Swedish branding and design studio Forsman & Bodenfors has recently launched their new site with loads of great new work. Forsman and Bodenfors started off 2013 by winning Interactive Agency of the Year by Art Directors Club and has been ranked one of the best agencies in the world. Amongst their recent work is this brilliant campaign to aid the homeless people of Gothenburg.

Faktum is a monthly street newspaper in Gothenburg working with the socially vulnerable, together with Forsman & Bodenfors they created this social media campaign which goal was to raise awarness about homelessness in Sweden and to engage people to aid their cause.

“Gothenburg has about 3,400 homeless people.

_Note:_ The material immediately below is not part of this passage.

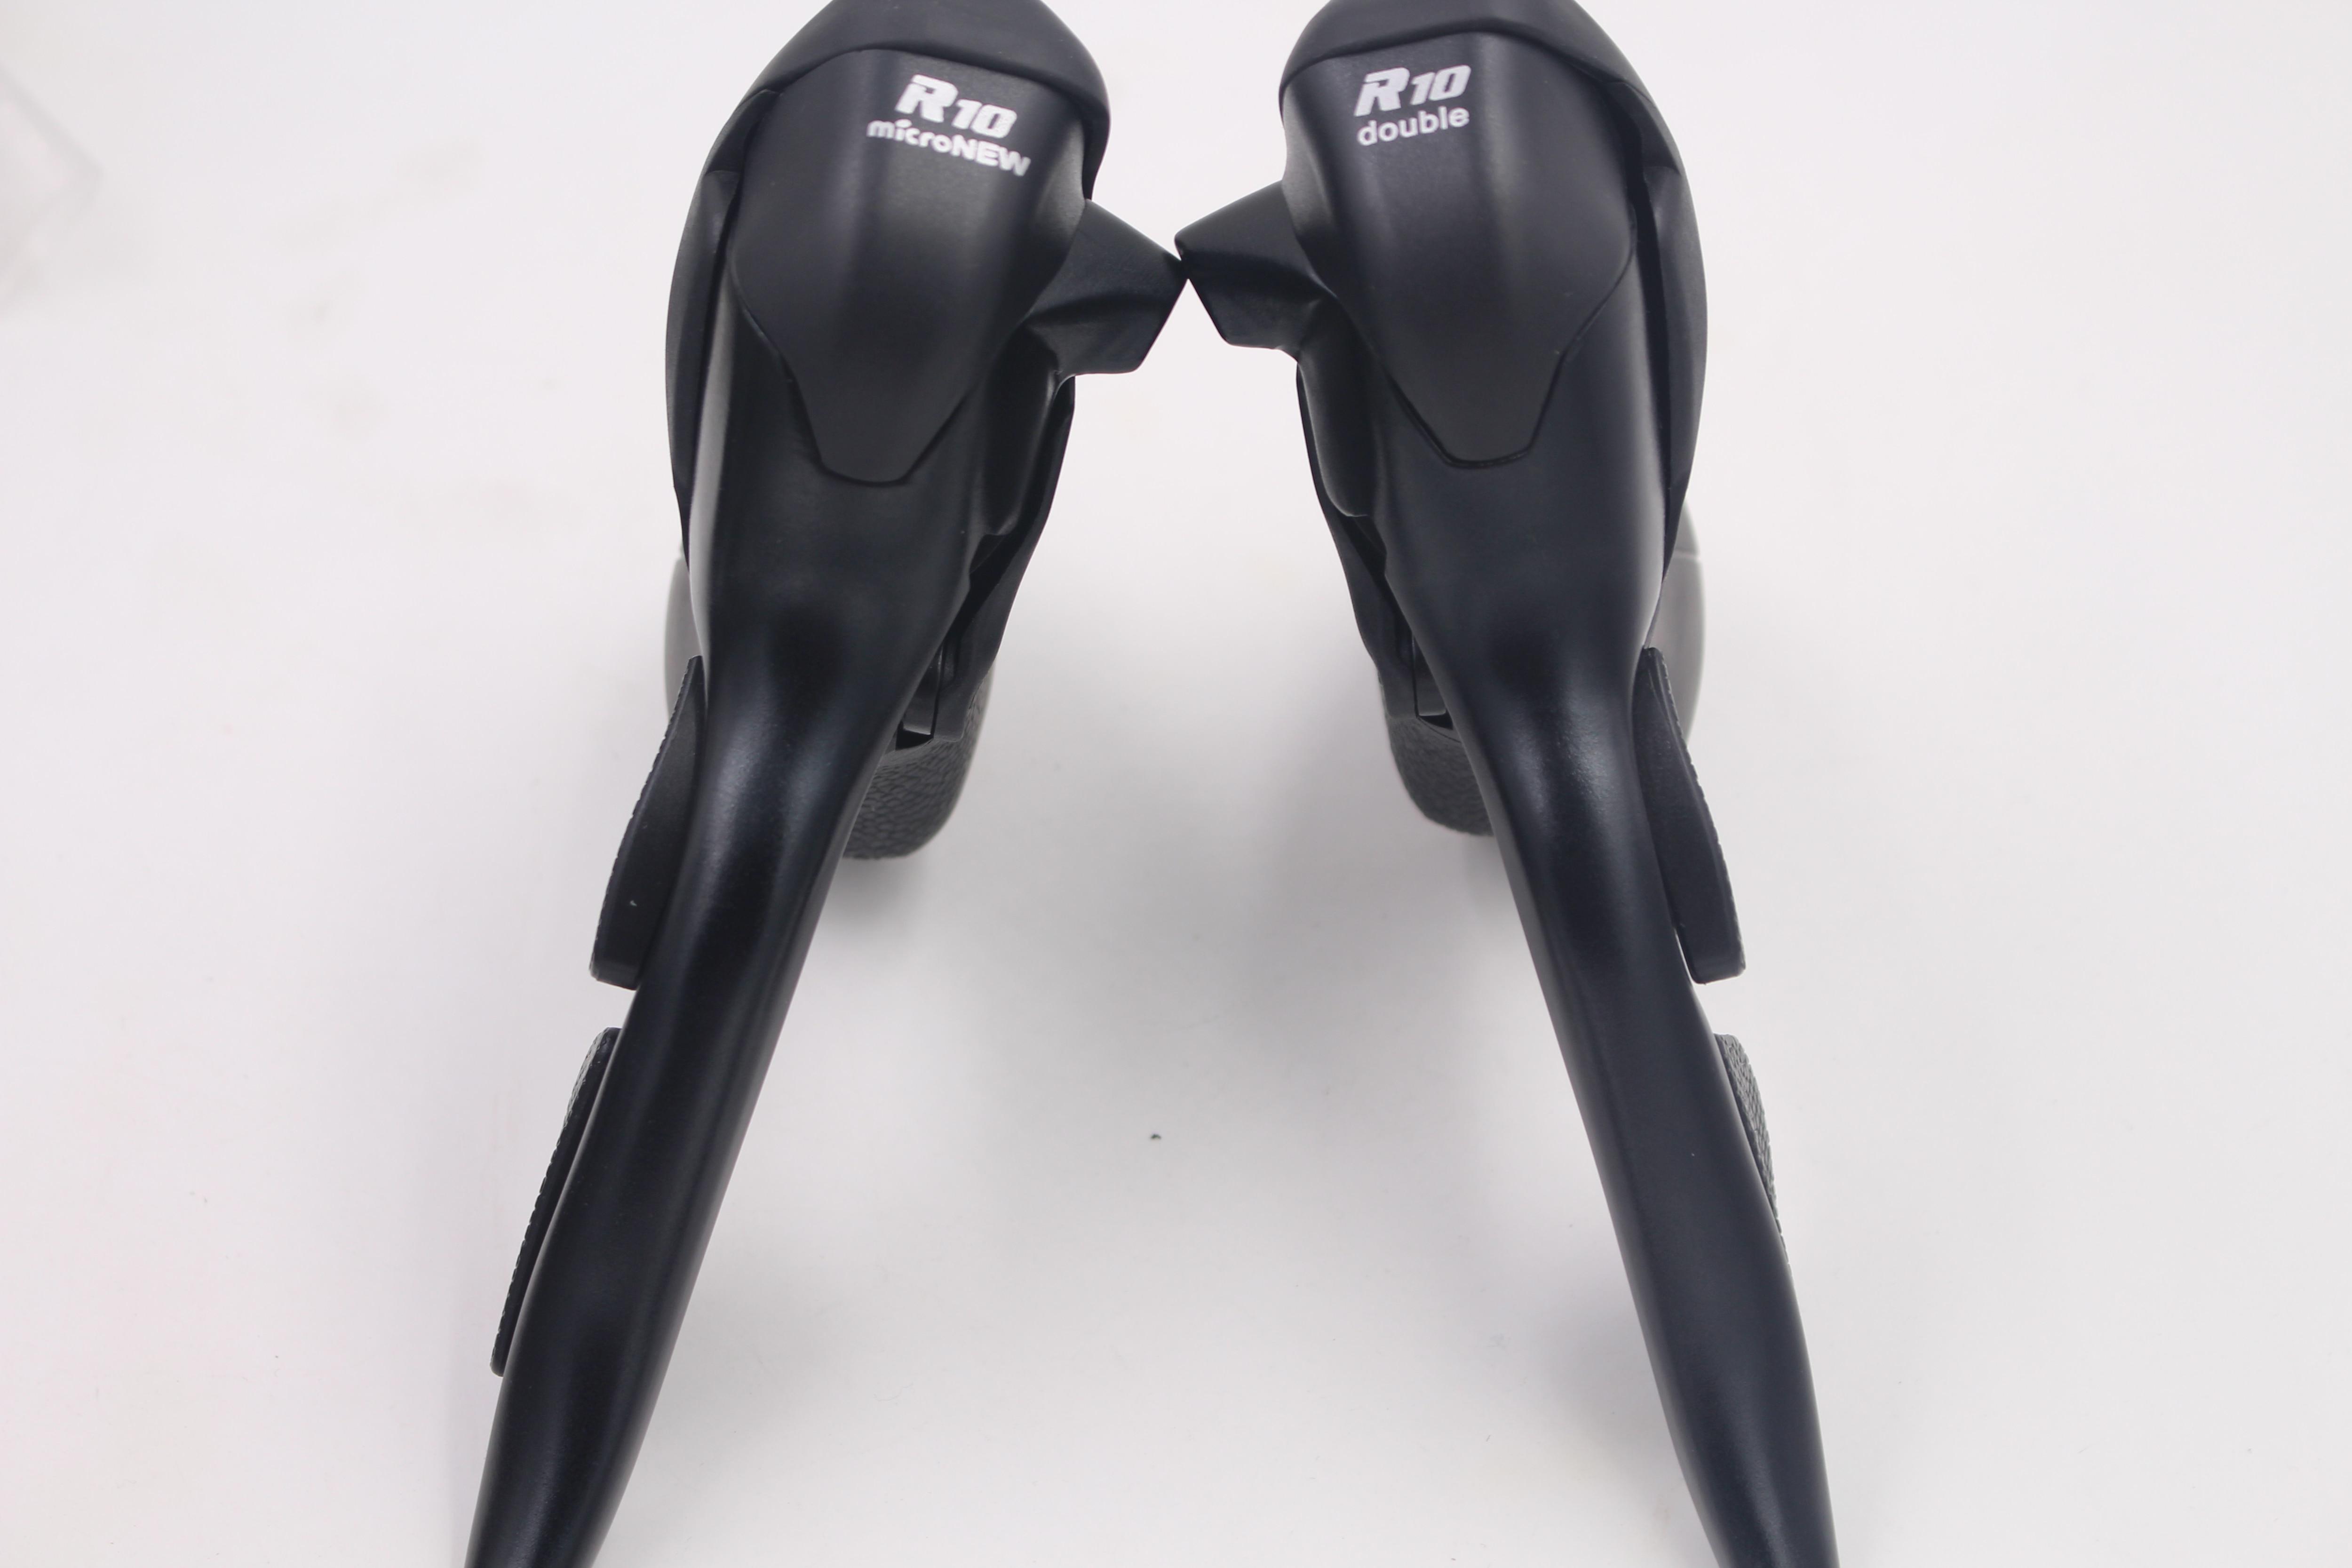 Дорожный велосипед микронев STI Shifters, 2x10 скоростей, совместим с Shimano 105 STI ST-5700 4600 Shifters Groupset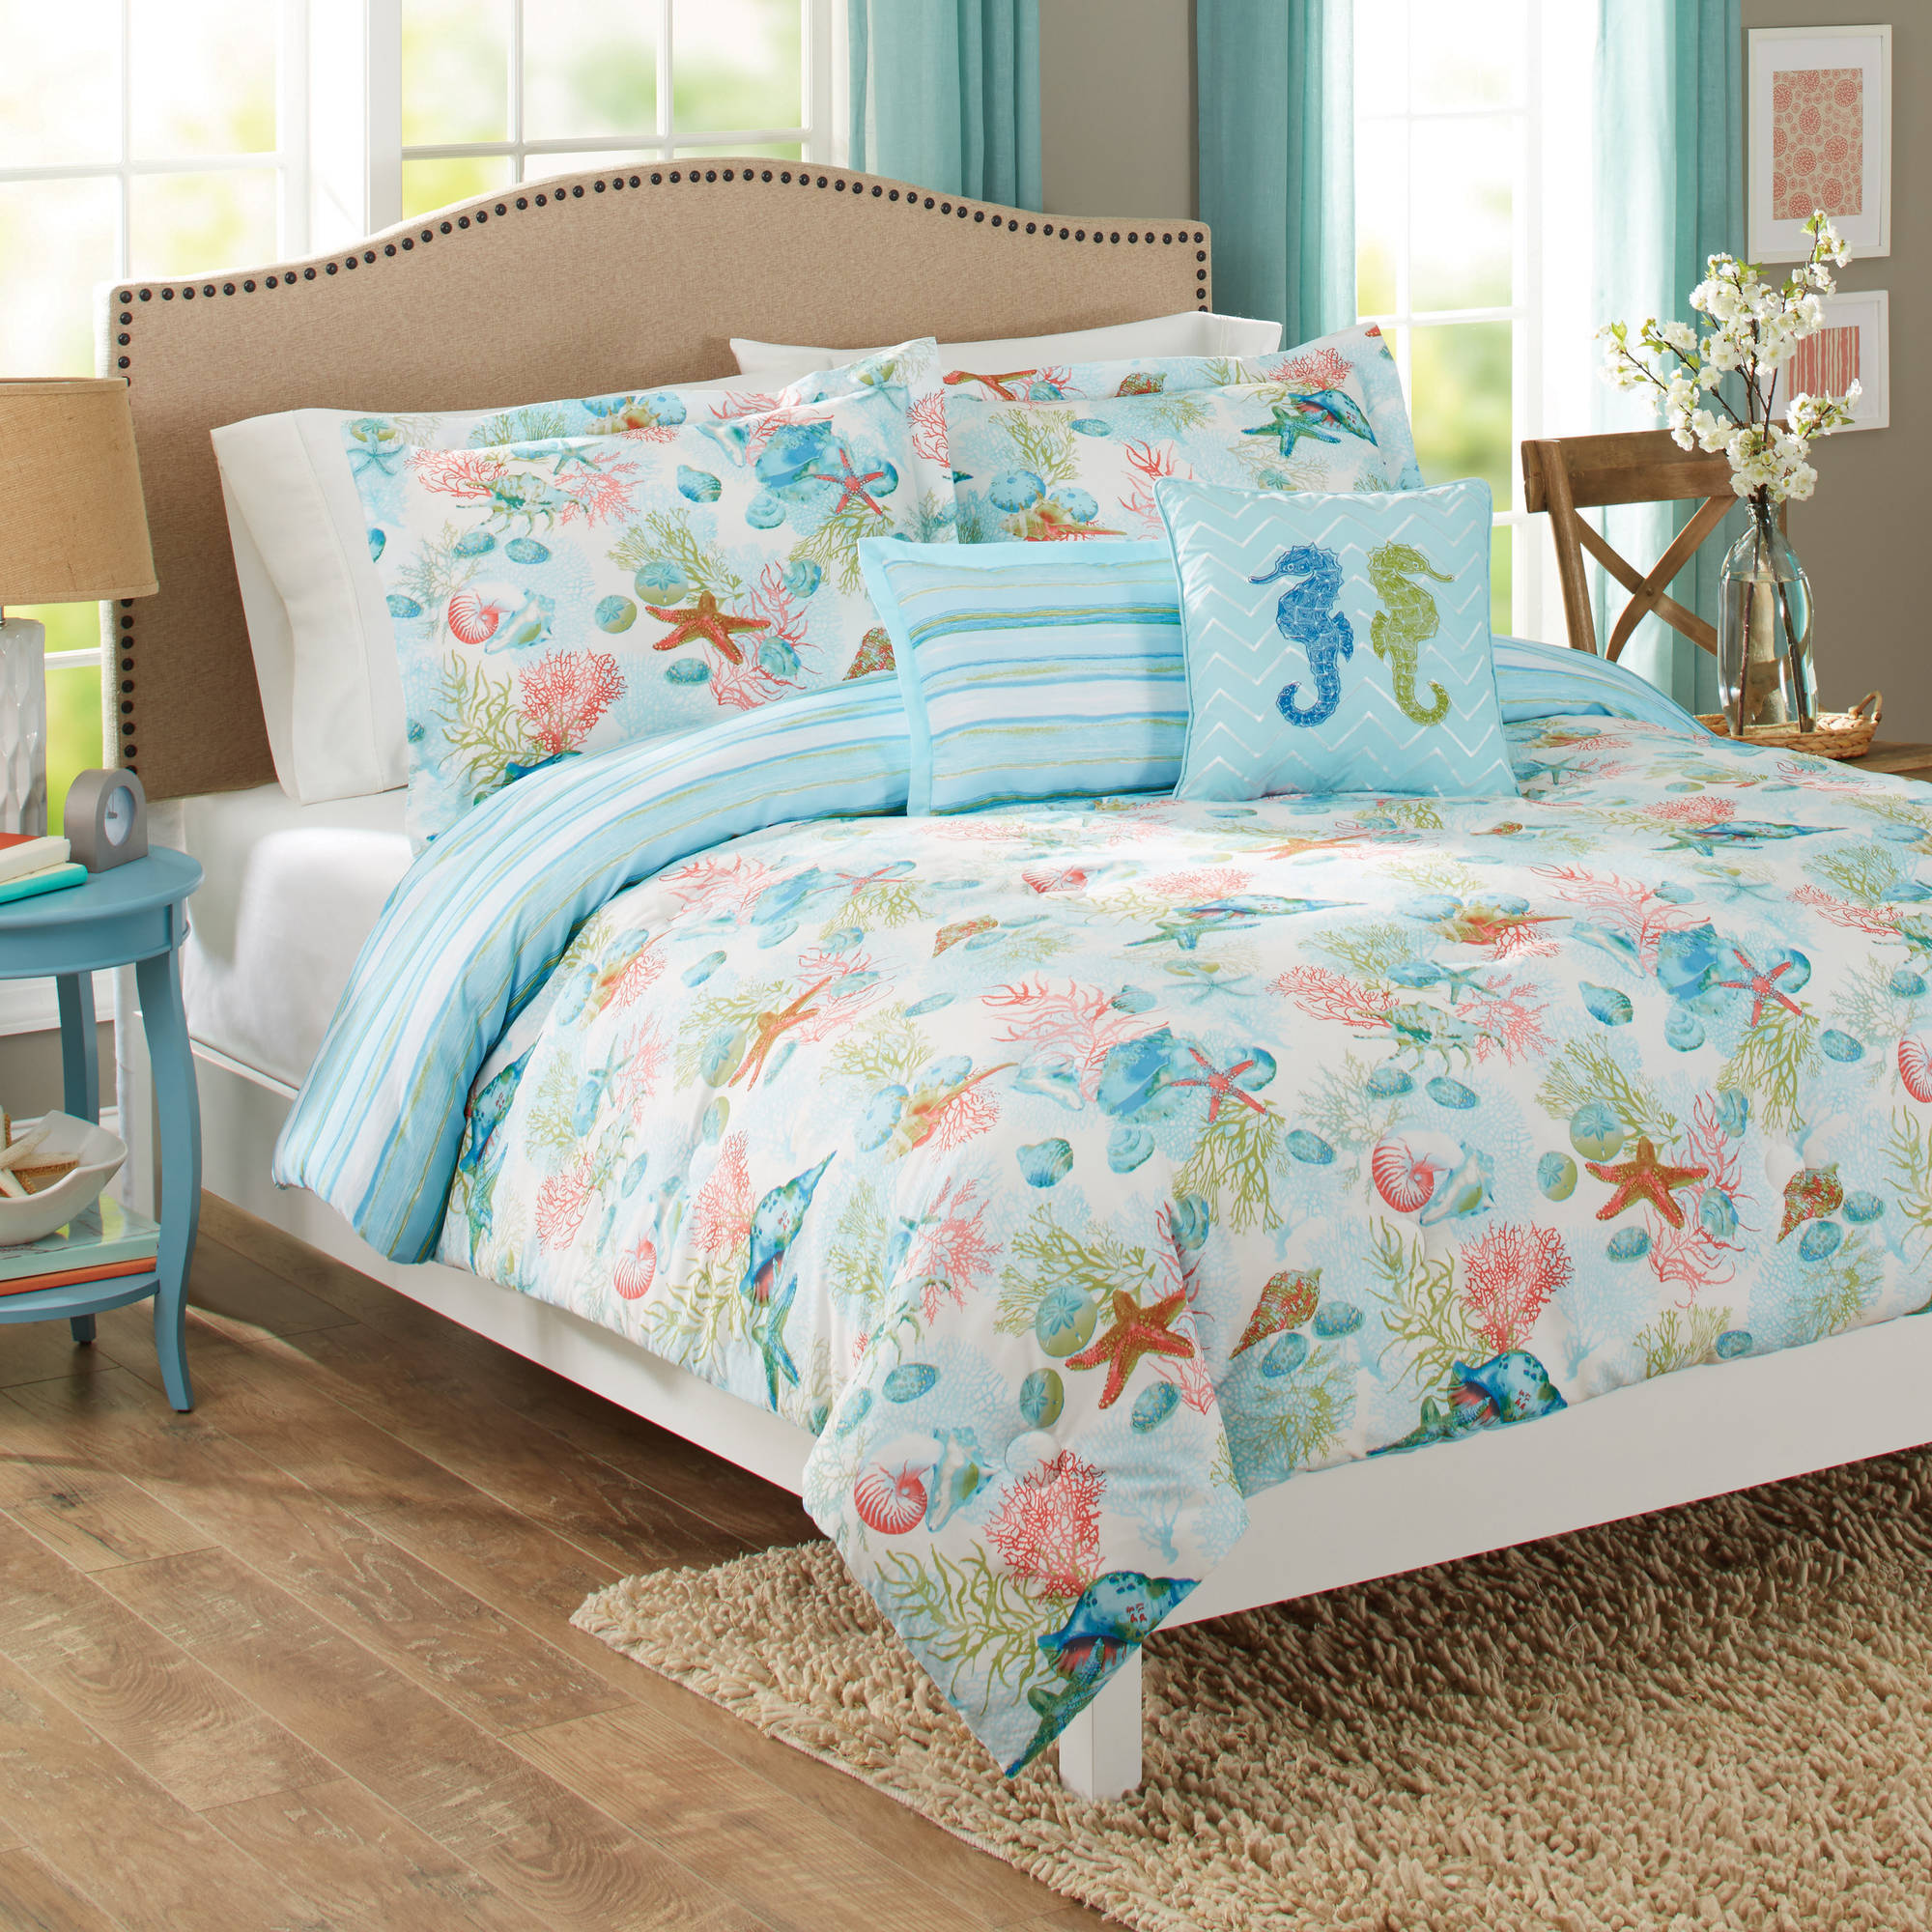 Better Homes and Gardens Beach Day 5-Piece Comforter Set, Peach

Most of them find a roof over their heads with a friend or at a refuge, but some sleep in the open air.We have chosen ten of the places where they might spend the night – and made it possible for you to book them. Just like any hotel.You can book one for yourself, or as a gift for somebody else. Either way the money goes to our work for homeless and socially vulnerable people.”

Each “room” has it’s own tourist like description:

“Feel the city’s pulse from dawn to dusk at Gullbergsvass. This delightful dwelling is just a stroll from the romantic Dreamer’s Quay: a source of inspiration to musicians and artists alike. And all under the noble eye of the Skansen Lion from his centuries old fortress.”